I have heard people who frequent a pain clinic that they suspect of criminal behavior justify their own actions by rationalizing that the clinic does legitimately help them. I'm sure the pill mills do help some legitimate patients who seek relief from pain, BUT if people pay their money to a criminal enterprise, aren't they contributing to the crimes perpetrated by the shady business? Shouldn't they stop going there themselves as soon as they suspect foul practices?

How could someone who values truth and who practices integrity continue to frequent a pill mill that contributes to the ills of the general public? In essence, their money is used to facilitate the weapons of destruction that take the lives of others. No one with integrity would want to do anything to advance such behavior. I would hope a sense of duty would override their allegiance to a pill mill.

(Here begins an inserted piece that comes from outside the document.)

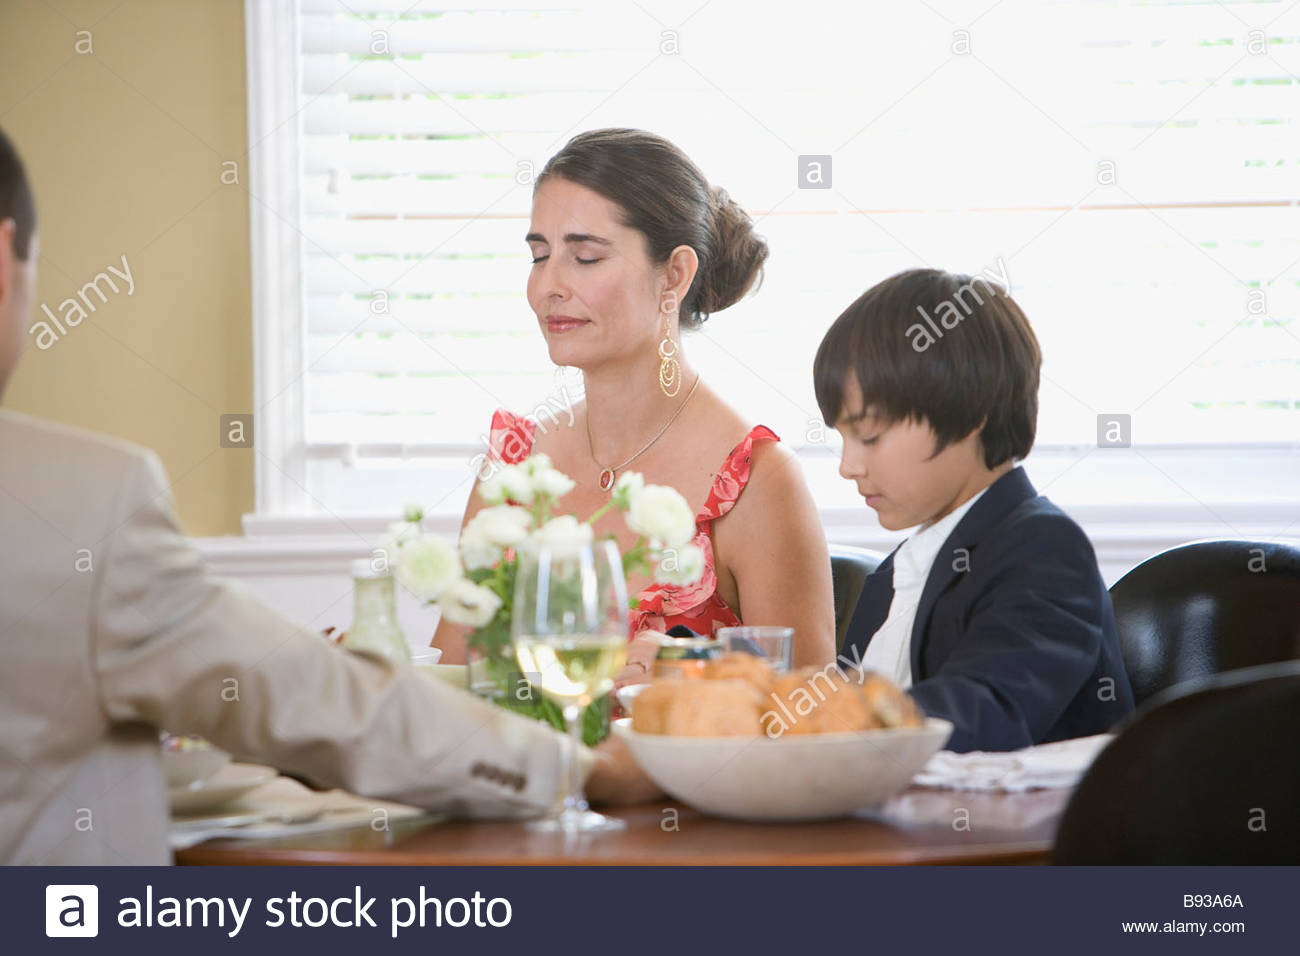 Family saying grace before dinner - Stock Image

Oskar Schindler, whose life was dramatized in the film Schindler's List, comes to mind. Schindler was a man who was instinctively driven by profit-driven amorality, but who at some point made a silent but conscious decision that preserving the lives of his Jewish employees during World War II was imperative, even if it required massive payments to induce Nazis to turn a blind eye and even if his actions put his own life at risk. He is credited with saving almost 1,200 Jews during the Holocaust. 

The writer Herbert Steinhouse, who interviewed Schindler in 1948 at the behest of some of the surviving Schindlerjuden (Schindler's Jews), wrote:

"Oskar Schindler's exceptional deeds stemmed from just that elementary sense of decency and humanity that our sophisticated age seldom sincerely believes in. A repentant opportunist saw the light and rebelled against the sadism and vile criminality all around him. The inference may be disappointingly simple, especially for all amateur psychoanalysts who would prefer the deeper and more mysterious motive that may, it is true, still lie unprobed and unappreciated. But an hour with Oskar Schindler encourages belief in the simple answer."